Notes on specific types¶

Timestamps¶

Spark has two timestamp types and they map differently:

timestamp is an instant and carries a time zone. It maps to Arrow timestamp[us, tz], where the zone reflects the session time zone.
timestamp_ntz (no time zone) is wall-clock time. It maps to Arrow timestamp[us] with no zone attached.

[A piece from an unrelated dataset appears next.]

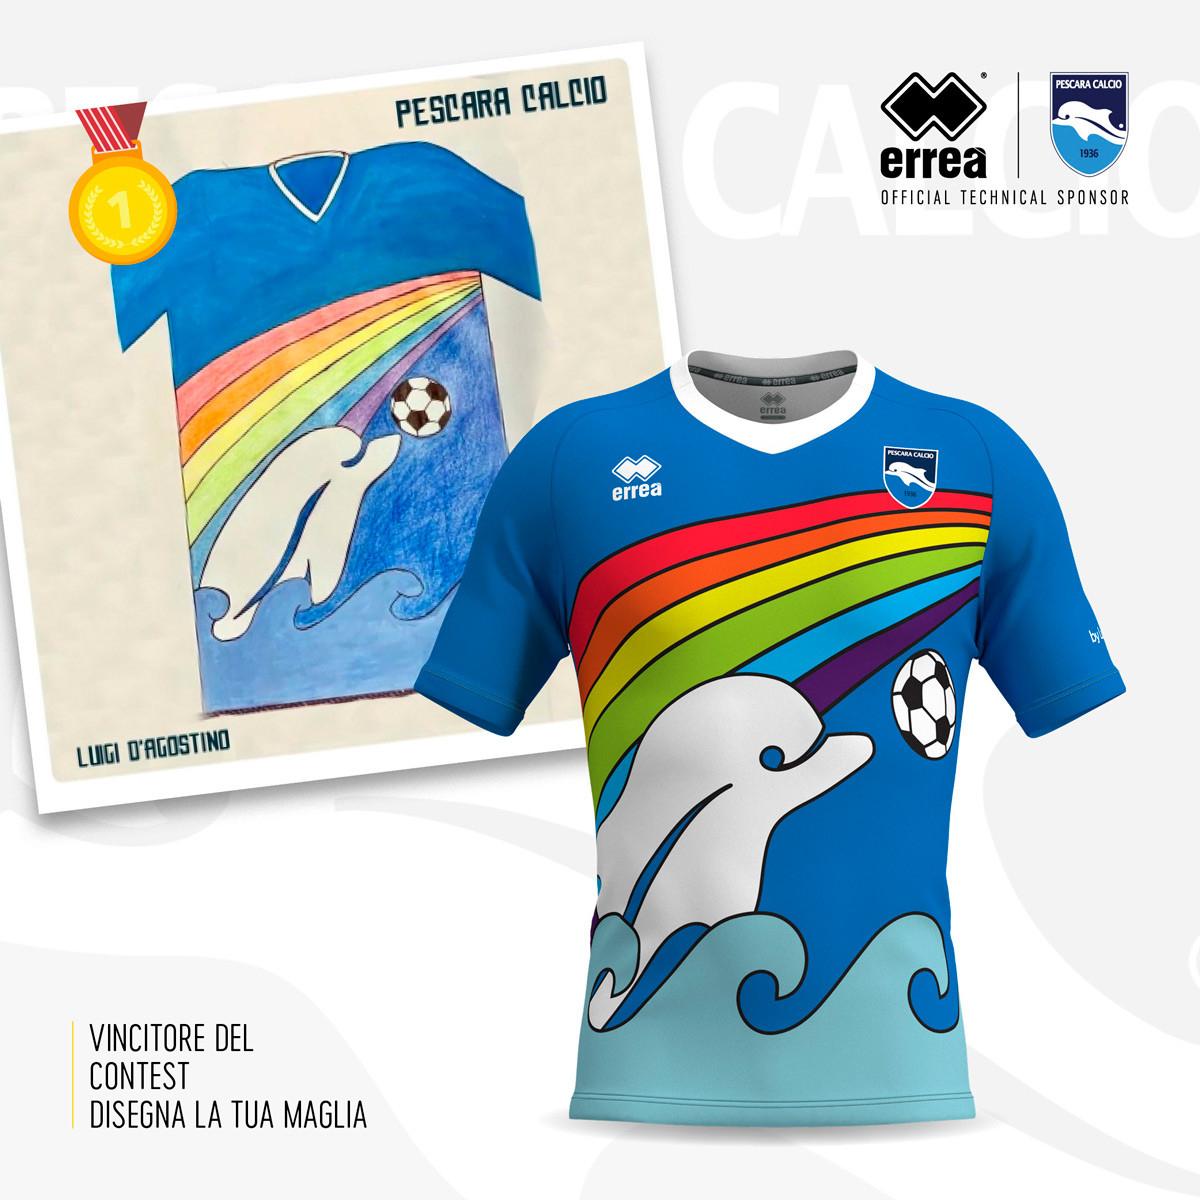 2020 Pescara Special Edition Rainbow Home Shirt £39.99 + £3.75 del at Classic Football Shirts (pre-order)

Both use microsecond precision, matching Spark's internal representation.

Note

The effective time zone for timestamp follows the session's spark.sql.session.timeZone. Set it through a connection configuration option if you need a specific zone.

Decimal¶

decimal(p, s) maps to Arrow decimal128(p, s) with the same precision and scale, so values are exact (no floating point rounding).

Nested types¶

array, map, and struct map to the corresponding Arrow nested types and can be composed arbitrarily (for example array<struct<...>>). Field names and nullability are preserved.

Parameter binding¶

When you bind parameters, build an Arrow record whose column types match the Spark types expected by the query, using the same mapping in reverse. For example bind an int64 array for a bigint column and a decimal128(p, s) array for a decimal(p, s) column. See Querying Data for binding examples.

Tip

Because the mapping is one to one and columnar, results from this driver drop straight into pandas, Polars, or DuckDB through pyarrow without any per-row conversion.